You can leave out the "Document" if you want.
> 1. Scope and preliminaries
>
> This document describes the format of Tor's bandwidth measurements
> document, version X.X.X [juga: which version should be this?]
It doesn't matter, so let's use semantic versioning:
* the original torflow format was 1.0.0
* the format in this spec adds the "version" feature, so it is 1.1.0
(it is compatible with 1.0.0, as long as parsers ignore unrecognised
lines)
> and later.
>
> Since Tor version X.X.X [juga: which tor version?]
It looks like 0.2.4.12-alpha added measured bandwidths
https://gitweb.torproject.org/tor.git/tree/ChangeLog#n12710
> the directory
> authorities use the bandwidth measurements document called
> "V3BandwidthsFile" and produced by Torflow [1]
> (format described in README.spec.txt [2]).
>
>The key words "MUST", "MUST NOT", "REQUIRED", "SHALL", "SHALL
>NOT", "SHOULD", "SHOULD NOT", "RECOMMENDED", "MAY", and
>"OPTIONAL" in this document are to be interpreted as described in
>RFC 2119.
>
> 1.2. Acknowledgements
>
> The original bandwidth measurement scanner (Torflow) and format was
> created by mike. Teor suggested to write this specification while
> contributing on pastly's new bandwidth scanner implementation.
>
> This specification was revised after feedback from:
>
>XXX
>
> 1.3 Outline
>
> The bandwidth measurements mentioned in sections 3.4.1 and 3.4.2
> of dir-spec.txt [3] are obtained by bandwidth authorities, which are
> either directory authorities or other servers running bandwidth
> measurement scanners and sending the results to the former.

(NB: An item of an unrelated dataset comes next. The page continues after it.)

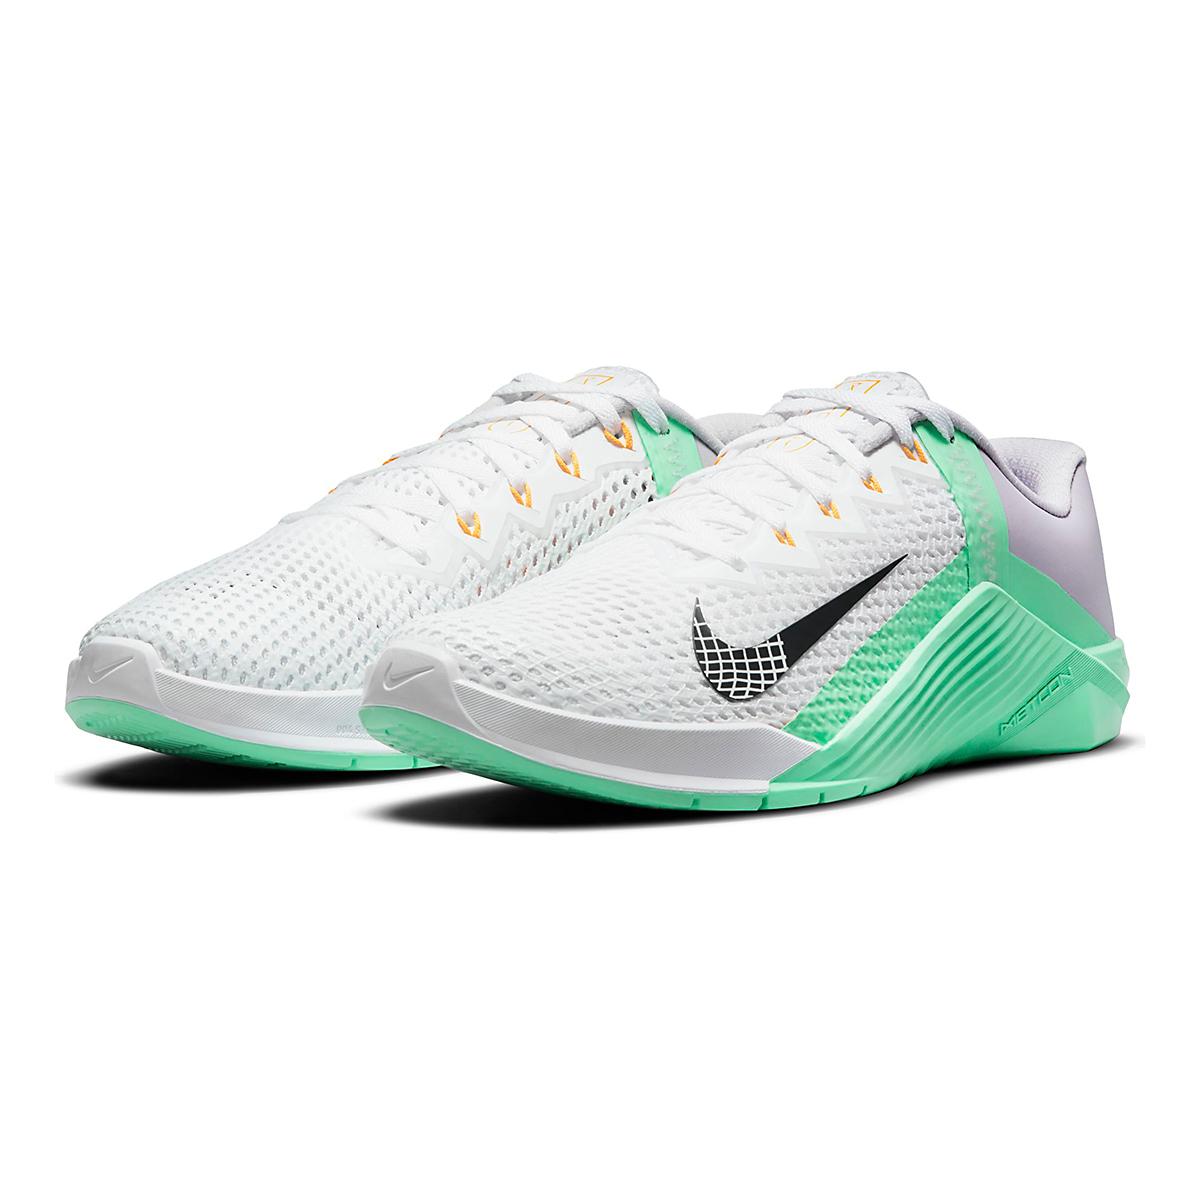 Women's Nike Metcon 6 Training Shoe - Color: White/Smoke Grey/Infinite Lilac - Size: 5 - Width: Regular, White/Smoke Grey/Infinite Lilac, large, image 4
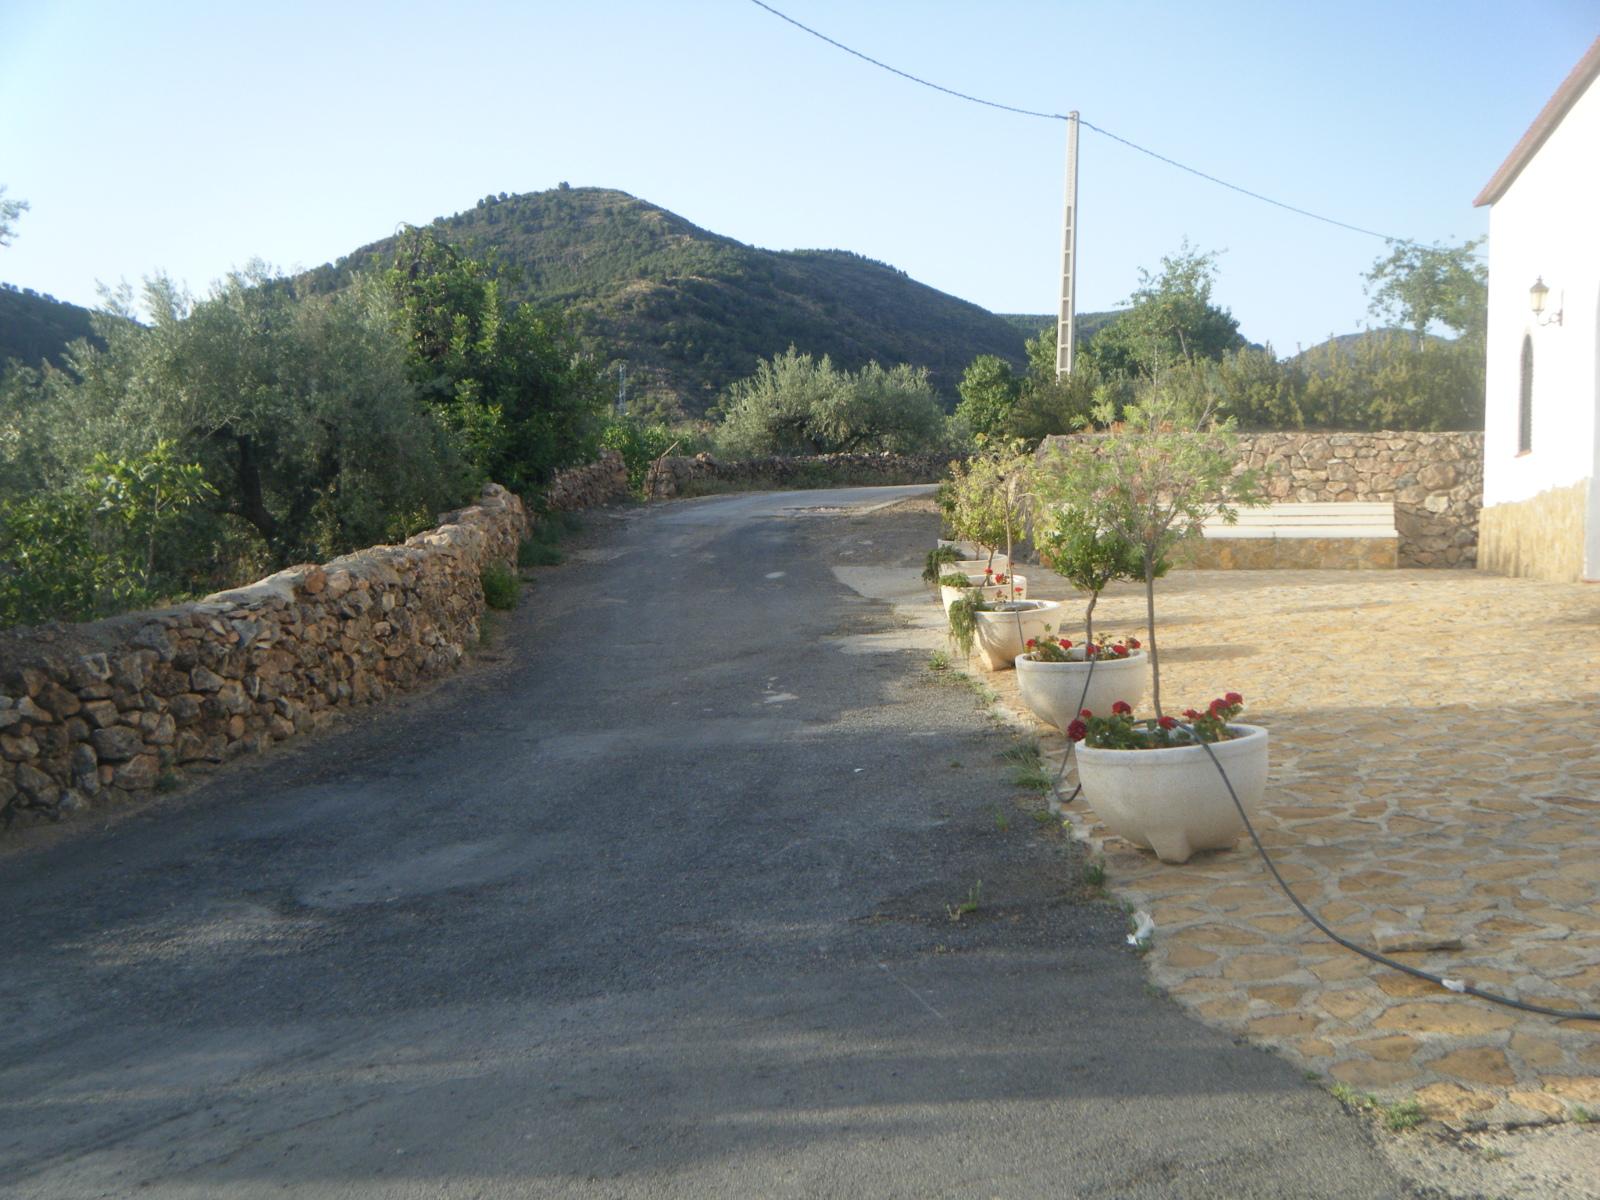 ¿ Mina Ora pró novis? Cerro Quintana, Canjáyar, Almeria, Andalucia, España X2nt4j

> [juga: it seems that bandwidth authorities have not been formally
> before]
You could use the definition in the man page:
"the bandwidth-authority generated file storing information on
relays' measured bandwidth capacities"
> 2. Format details
>
> Bandwidth measurements MUST contain the following sections:
> - Header (exactly once)
> - Relays measurements (zero or more times)
>
> Each section (or entry) ends with a separator.
This line is a copy-paste error, it should be deleted.
> 2.1. Nonterminals
>
> The following nonterminals are defined in the Onionoo details
> document specification [4]:
>
>fingerprint
>nickname
This file format gets the fingerprint and nickname from the
consensus, so you should reference dir-spec.txt.
(dir-list-spec.txt gets relay fingerprints and nicknames from
Onionoo. That's why it uses the Onionoo definitions.)
Here are the definitions of hexdigest (fingerprint) and nickname:
https://gitweb.torproject.org/torspec.git/tree/dir-spec.txt#n1268
> In the bandwidth measurement documents nickname is optional.
"optional" is not relevant in a definition.
Let's delete this line, it's already documented as optional later on.
> The following nonterminals are defined in the in dir-spec.txt:
>
>NL (newline)
>SP (space)
>
>"bw" = INT, the aggregated measured bandwidth of this relay, in
>kilobytes per second.
bw is not defined in dir-spec.txt. And the formatting is confusing.
Double quotes are used for ASCII literal strings in dir-spec.txt.
Can you please follow the format used in dir-spec.txt?
Here is one example:
https://gitweb.torproject.org/torspec.git/tree/dir-spec.txt#n210
Here's how you can define bw using the Int definition from
dir-spec.txt:
https://gitweb.torproject.org/torspec.git/tree/dir-spec.txt#n795
bw = Int
bw is the aggregated measured bandwidth of this relay, in kilobytes
per second.
> We introduce the following nonterminals:
> [juga: this should probably be defined more formally and should
> probably link to other documents, which ones?]
dir-spec.txt
>"version" = The name and the version of the bandwidth scannner
>software, such as "sbws 0.1.0".
Our newest spec uses "version" for the file format version:
https://gitweb.torproject.org/torspec.git/tree/dir-list-spec.txt#n148
So please don't make a field with a different meaning and structure,
and call it "version".
I suggest:
* use "version" for the file format version (or don't use "version")
* use "source" for the implementation software name and version
Please fix the formatting of this definition to be like dir-spec.txt.
This definition has two arguments separated by spaces, the name,
and the version.
>The name of the software, if absent, is assumed to be "torflow".